- Available data -
━━━━━━━━
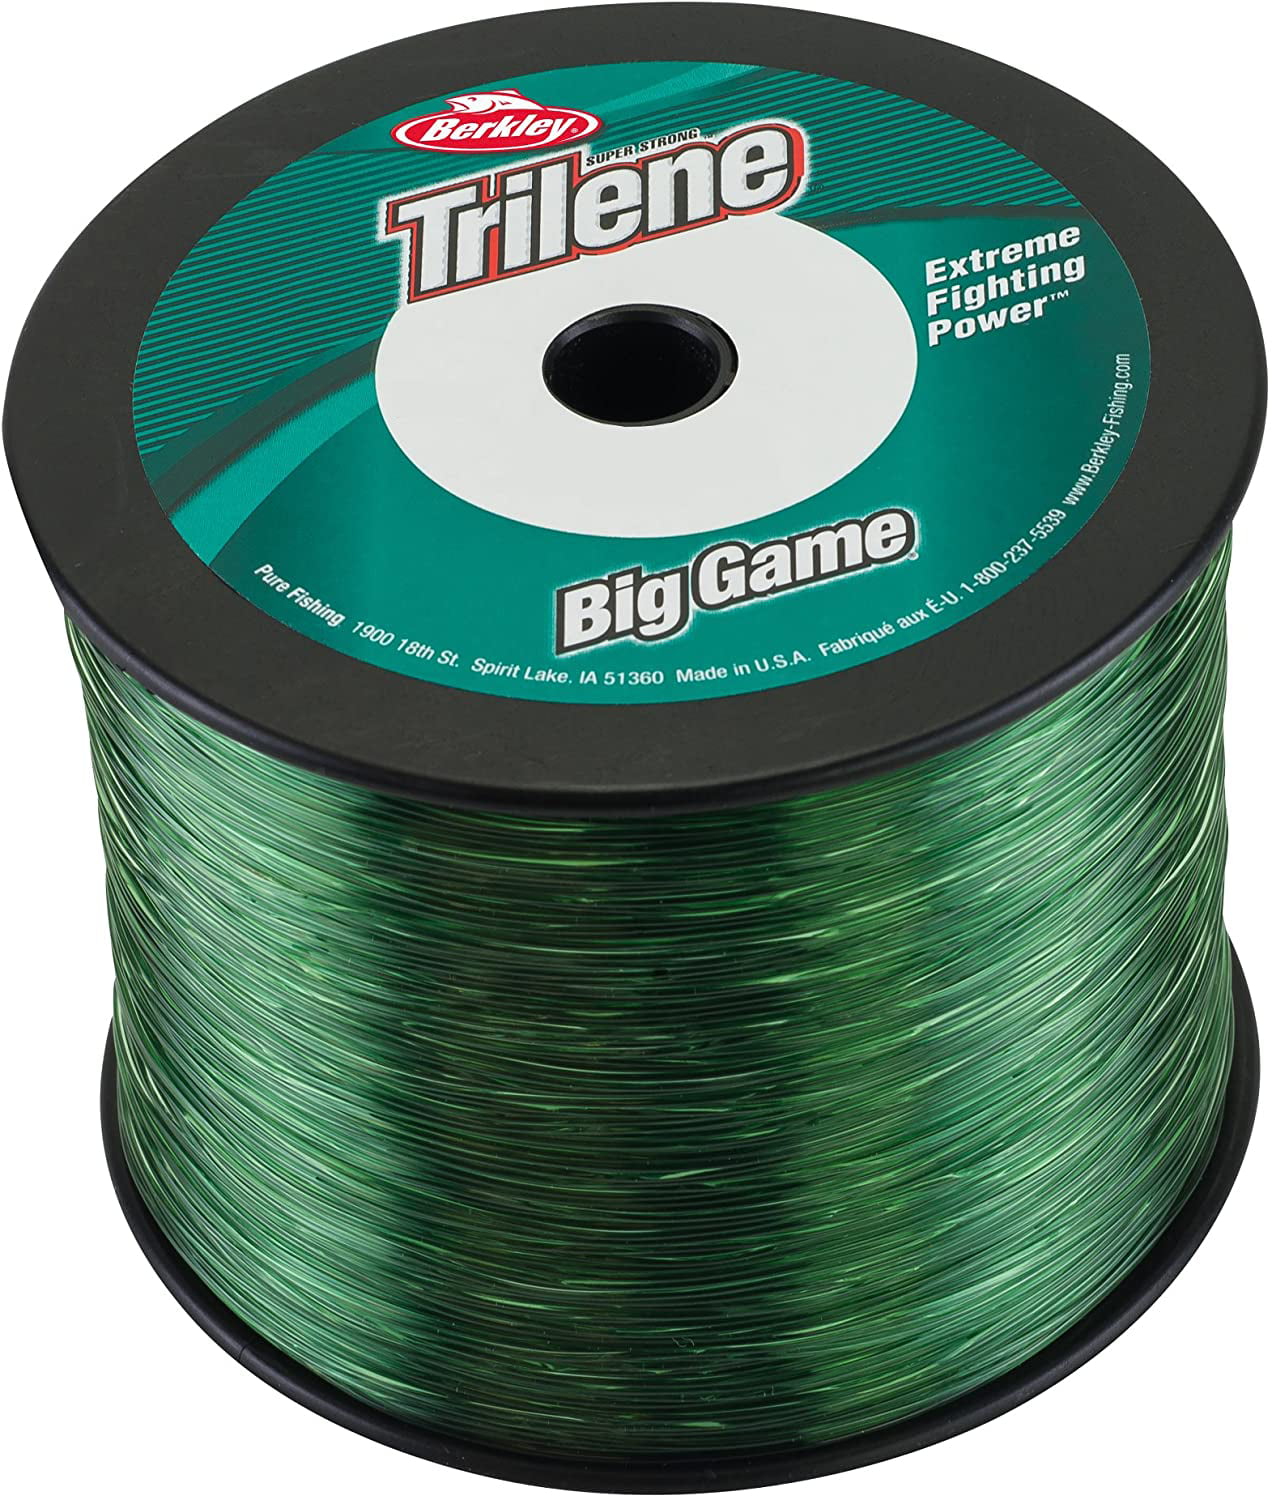 Berkley Trilene Big Game, Green, 10lb 4.5kg Monofilament Fishing Line 
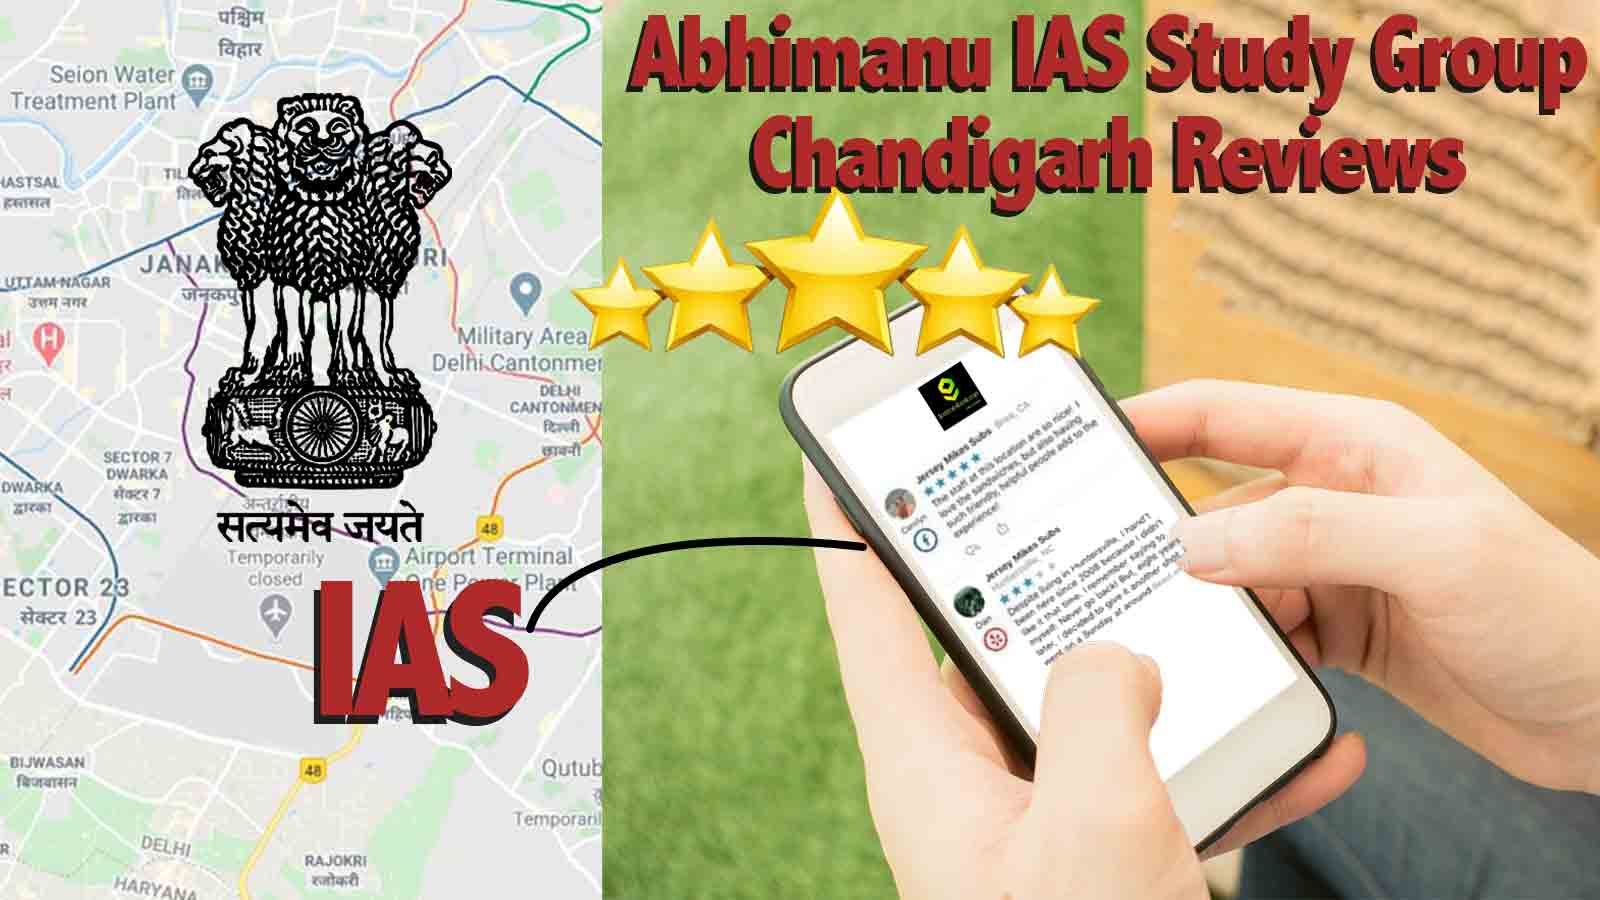 Abhimanu IAS Study Chandigarh Reviews
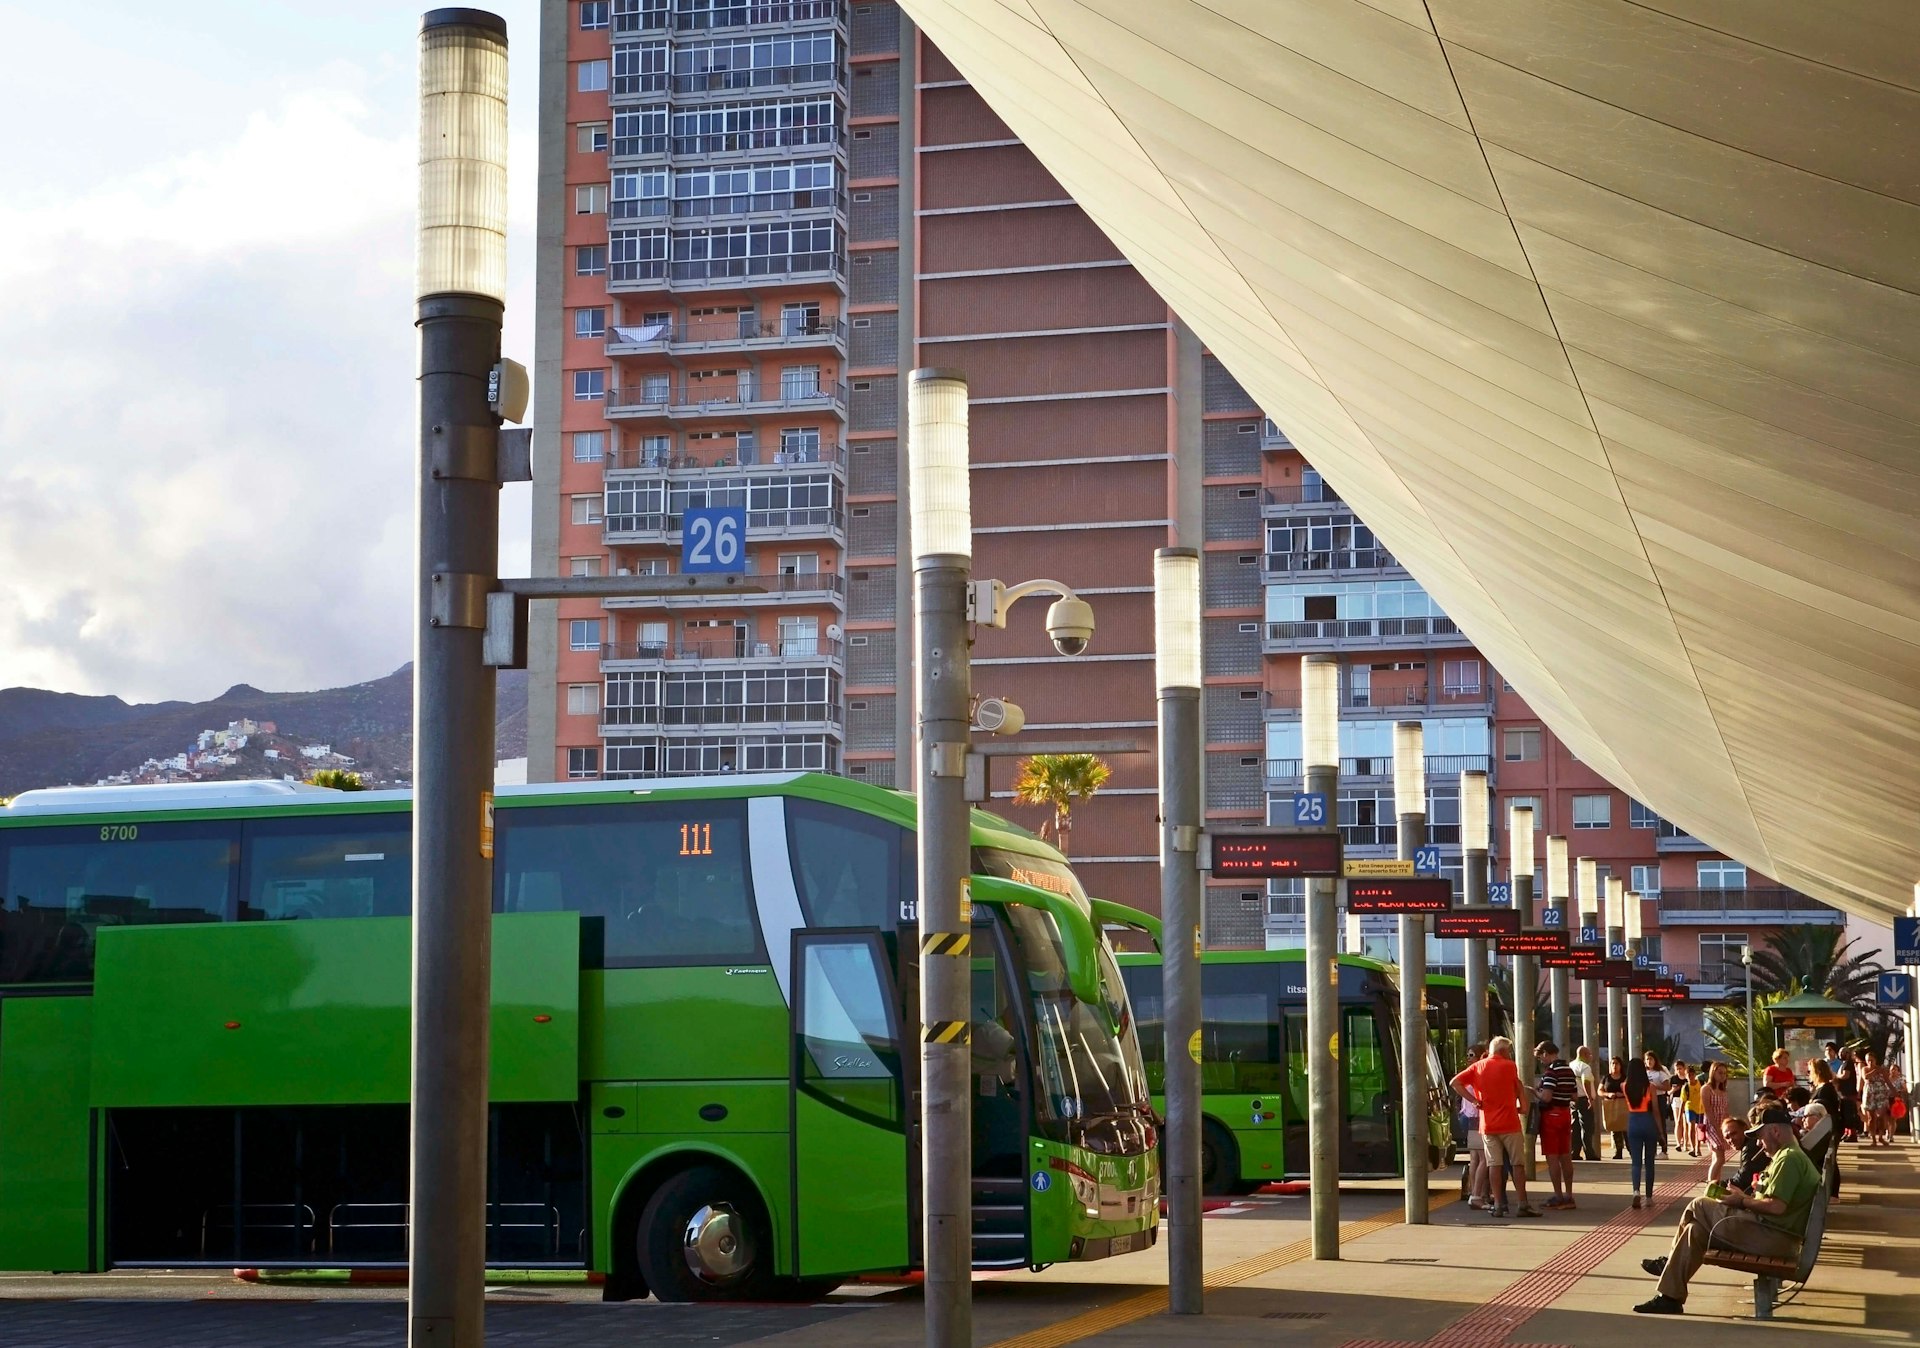 Titsa buses at the Central Bus Station of Santa Cruz de Tenerife
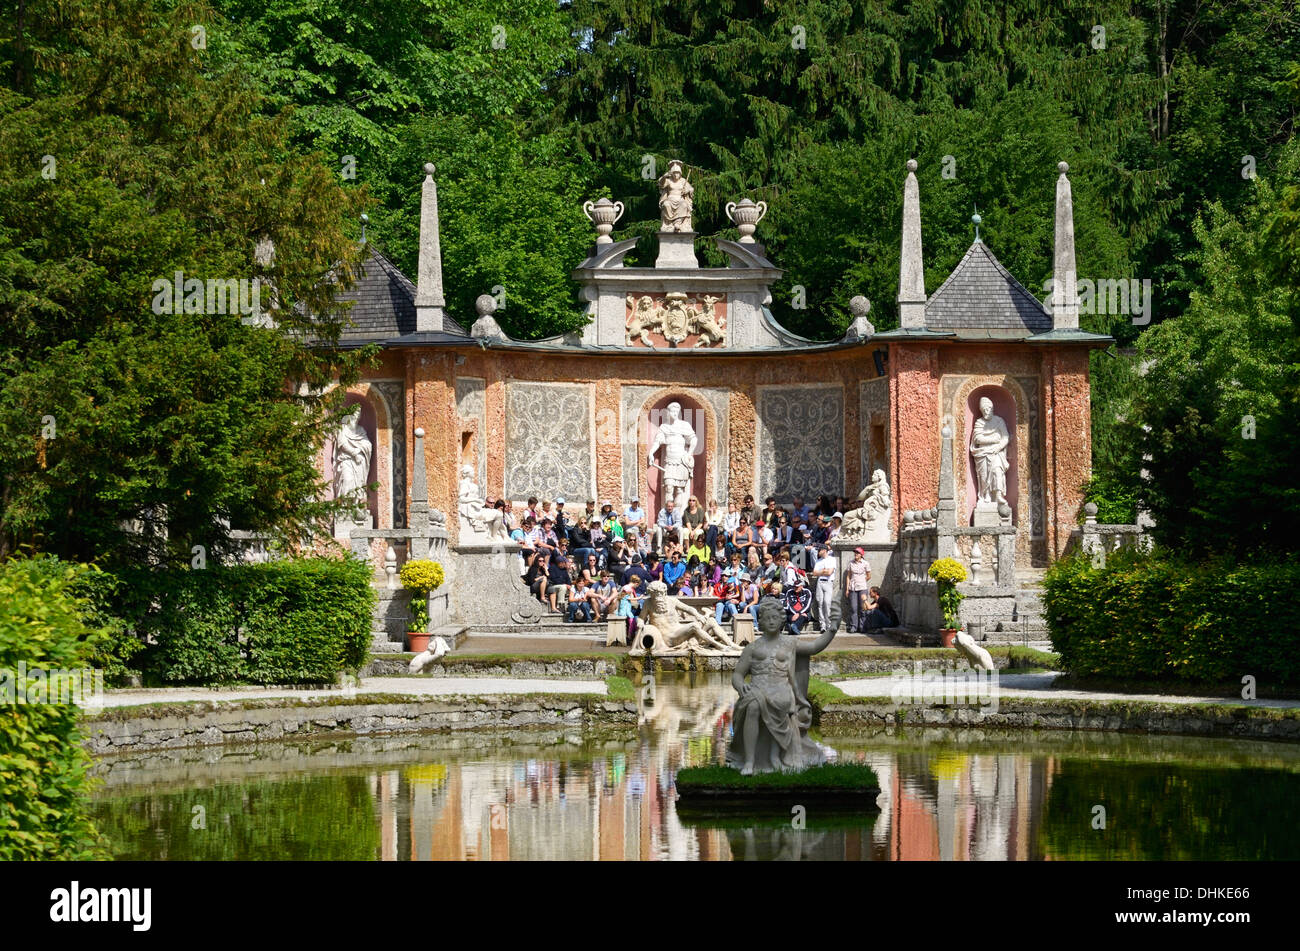 Theatre And Water Gardens In Hellbrunn Palace Salzburg Austria
━━━━━━━━
- Exercise requirements -
Repeat the material verbatim but without any of its pictures.

- Written reply -
 Berkley Trilene Big Game, Green, 10lb 4.5kg Monofilament Fishing Line 
 Abhimanu IAS Study Chandigarh Reviews
 Titsa buses at the Central Bus Station of Santa Cruz de Tenerife
 Theatre And Water Gardens In Hellbrunn Palace Salzburg Austria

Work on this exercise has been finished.